The reasons for the success of statistical boosting algorithms are

  1. their ability to incorporate automated variable selection and model choice in the fitting process,
  2. their flexibility regarding the type of predictor effects that can be included in the final model and
  3. their stability in the case of high-dimensional data with possibly far more candidate variables than observations -- a setting where most conventional estimation algorithms for regression settings collapse.

The concept of boosting emerged from the field of supervised learning, which is the automated learning of an algorithm based on labelled data with observed outcome in order to make valid predictions for unlabelled future or unobserved data. Supervised learning is a subdiscipline of {\em machine learning}, which also comprises unsupervised learning based on unlabelled data and semi-supervised learning which is a combination of supervised and unsupervised learning [9]. A supervised learning machine typically yields a generalization function [math]\hat{h}(\cdot)[/math] that provides the solution to a classification problem. The main goal of classification is to categorize objects into a pre-defined set of classes. For the remainder of this section we will consider the most common classification problem, where the outcome variable [math]Y[/math] has two classes, coded as [math]\{-1,1\}[/math]. Note that this coding differs from the standard [math]\{0,1\}[/math] which is typically used in statistics for dichotomous outcomes.

The machine should learn from a training sample [math](y_1, \bm{x}_1), ..., (y_n, \bm{x}_n)[/math] with known class labels how to predict the class of a new observation [math]\bm{x}_{\text{new}}[/math]. The predictors [math]\bm{x}_1,...,\bm{x}_n[/math] are realizations of [math]X[/math], and [math]n[/math] is the sample size. The task for the machine is to develop a prediction rule [math]\hat{h}(\cdot)[/math] to correctly classify a new observation:

[[math]] \begin{eqnarray*} (y_1, \bm{x}_1),...,(y_n, \bm{x}_n) \xrightarrow{\text{supervised learning}} \hat{h}(\bm{x}_{\text{new}}) = \hat{y}_{\text{new}} \end{eqnarray*} [[/math]]

The success story of boosting began with a question, not with an algorithm. The theoretical discussion was if any weak learning tool for classification could be transformed to become also a strong learner [10]. In binary classification, a weak learner is defined to yield a correct classification rate at least slightly better than random guessing (> 50%). A strong learner, on the other hand, should be able to be trained to a nearly perfect classification (e.g., 99% accuracy). This theoretical question is of high practical relevance as it is typically easy to construct a weak learner, but difficult to get a strong one [11]. The answer, which laid the ground for the concept of boosting, is that any weak base-learner can be potentially iteratively improved (boosted) to become also a strong learner. To provide evidence for this concept, Schapire [12] and Freund [13] developed the first boosting algorithms.

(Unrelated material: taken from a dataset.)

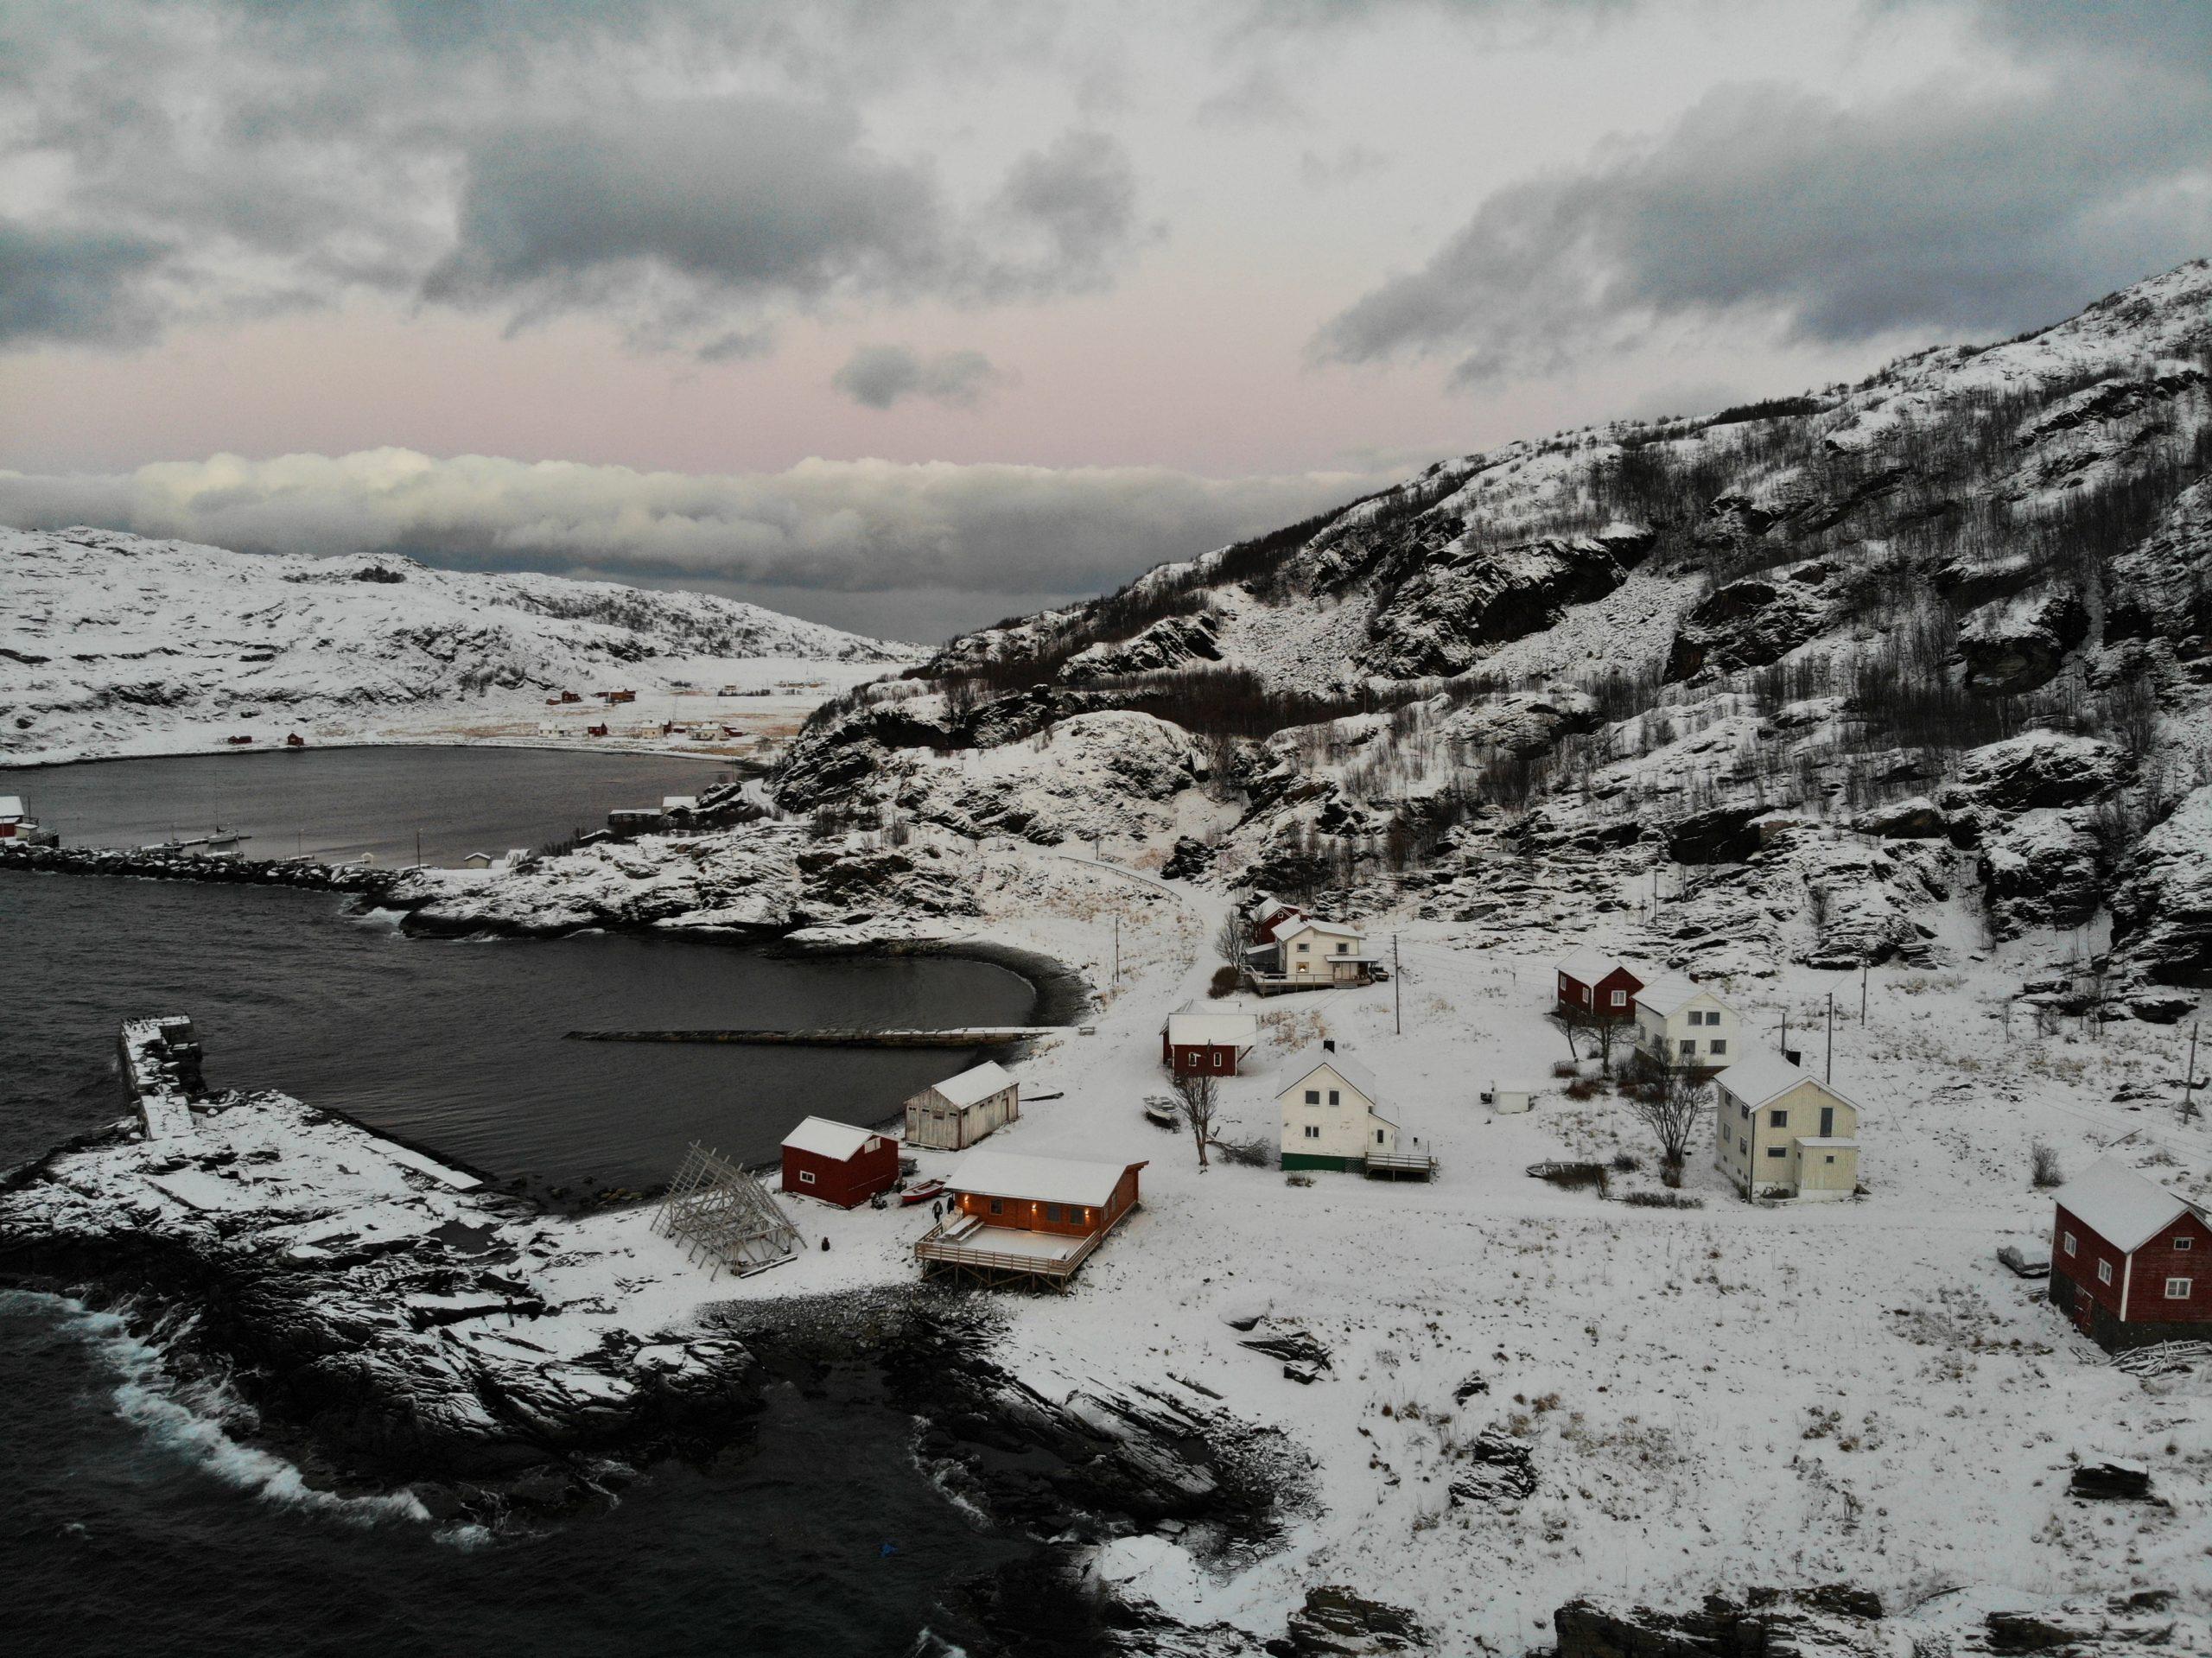 village norway drone snow mountains arctic

Schapire and Freund later compared the general concept of boosting with “garnering wisdom from a council of fools” [14]. The “fools” in this case are the solutions of the simple base-learner: It classifies only slightly better than the flip of a coin. A simple base-learner is by no means a practical classification rule, but even the simple base-learner must contain some valid information about the underlying structure of the problem. The task of a boosting algorithm is hence to learn from the iterative application of a weak learner and to use this information to combine it to an accurate classification.

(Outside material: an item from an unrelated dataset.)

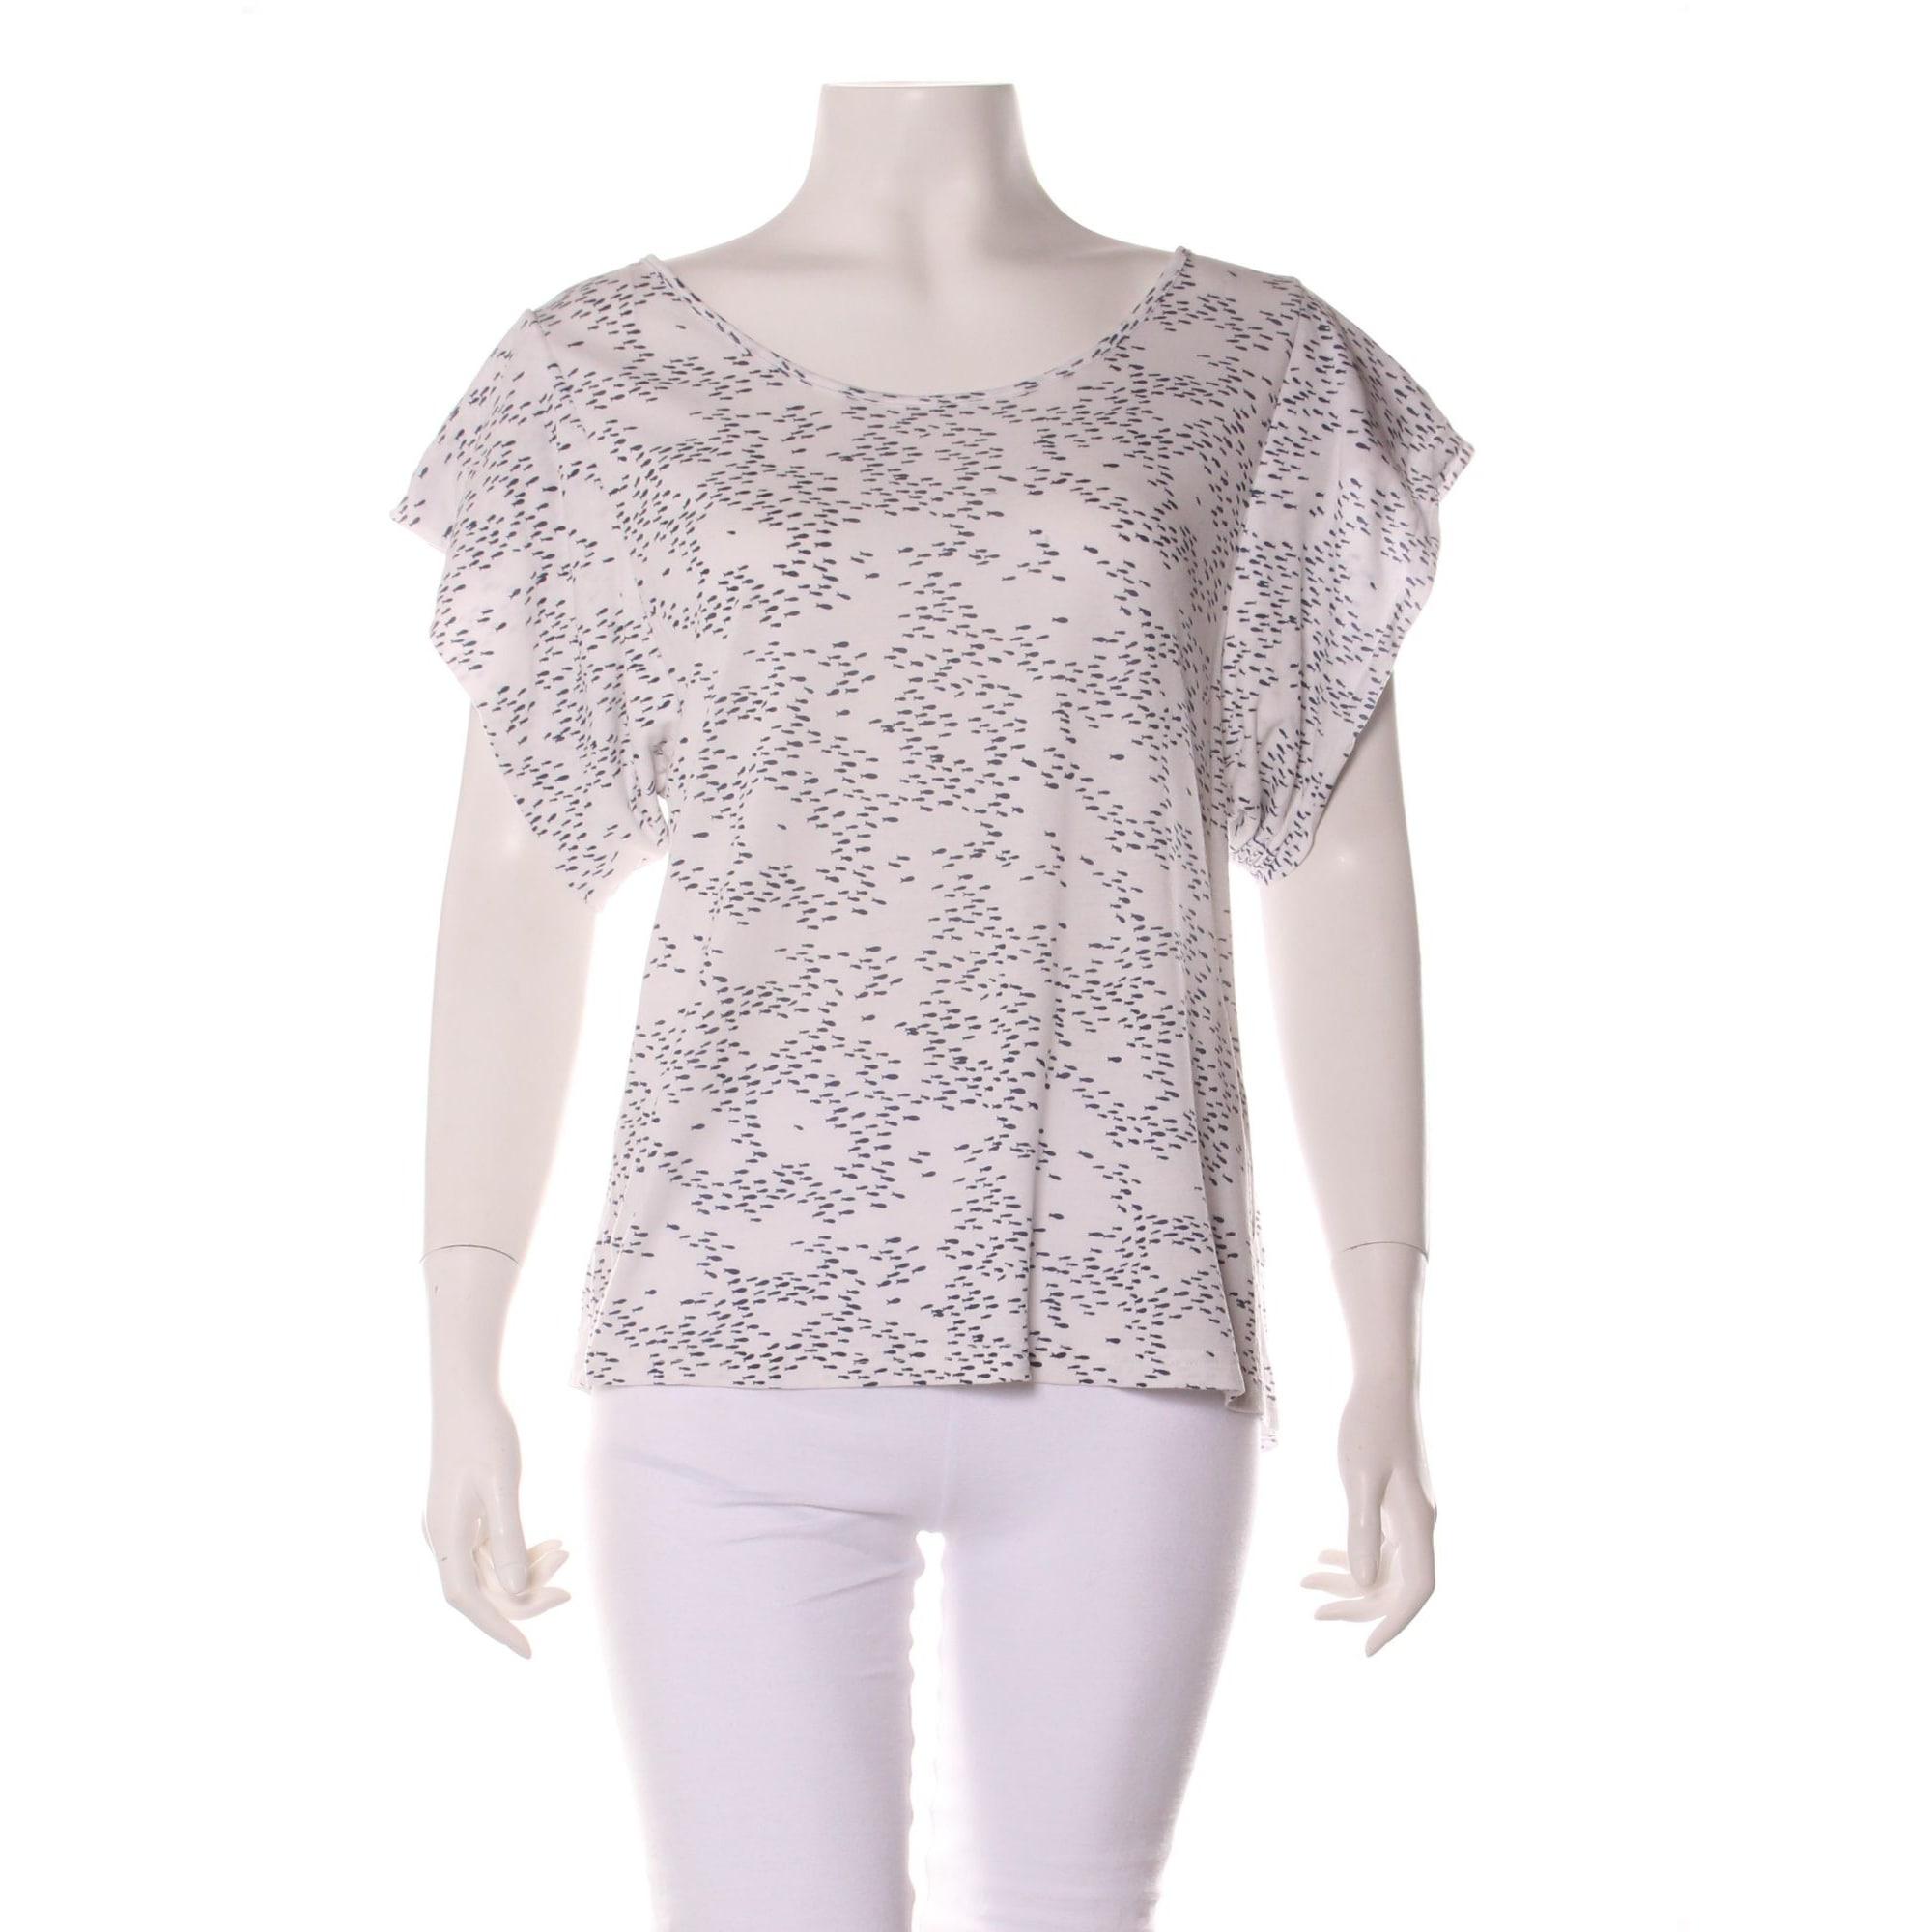 Top, tee-shirt BEL AIR Blanc, blanc cassé, écru

However, just calling the weak learner multiple times on the same training sample would not change anything in its performance. The concept of boosting is not really to manipulate the base-learner itself to improve its performance but to manipulate the underlying training data by iteratively re-weighting the observations [14]. As a result, the base-learner in every iteration [math]m[/math] will find a new solution [math]\hat{h}^{[m]}(\cdot)[/math] from the data.

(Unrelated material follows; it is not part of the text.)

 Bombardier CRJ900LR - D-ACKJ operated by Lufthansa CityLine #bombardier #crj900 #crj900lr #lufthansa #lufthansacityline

Via repeated application of the weak base-learner on observations that are weighted based on the base-learner's success in the previous rounds, the algorithm is forced to concentrate on objects that are hard to classify -- as observations that were misclassified before get higher weights. Boosting the accuracy is achieved by increasing the importance of “difficult” observations. In each iteration [math]m = 1,...,m_{\text{stop}}[/math], the weight vector [math]\bm{w}^{[m]} = (w_1^{[m]} ,...,w_n^{[m]})[/math] contains the individual weights of all observations depending on the success of their classification in previous iterations. During the iteration cycle, the focus is shifted towards observations that were misclassified up to the current iteration [math]m[/math].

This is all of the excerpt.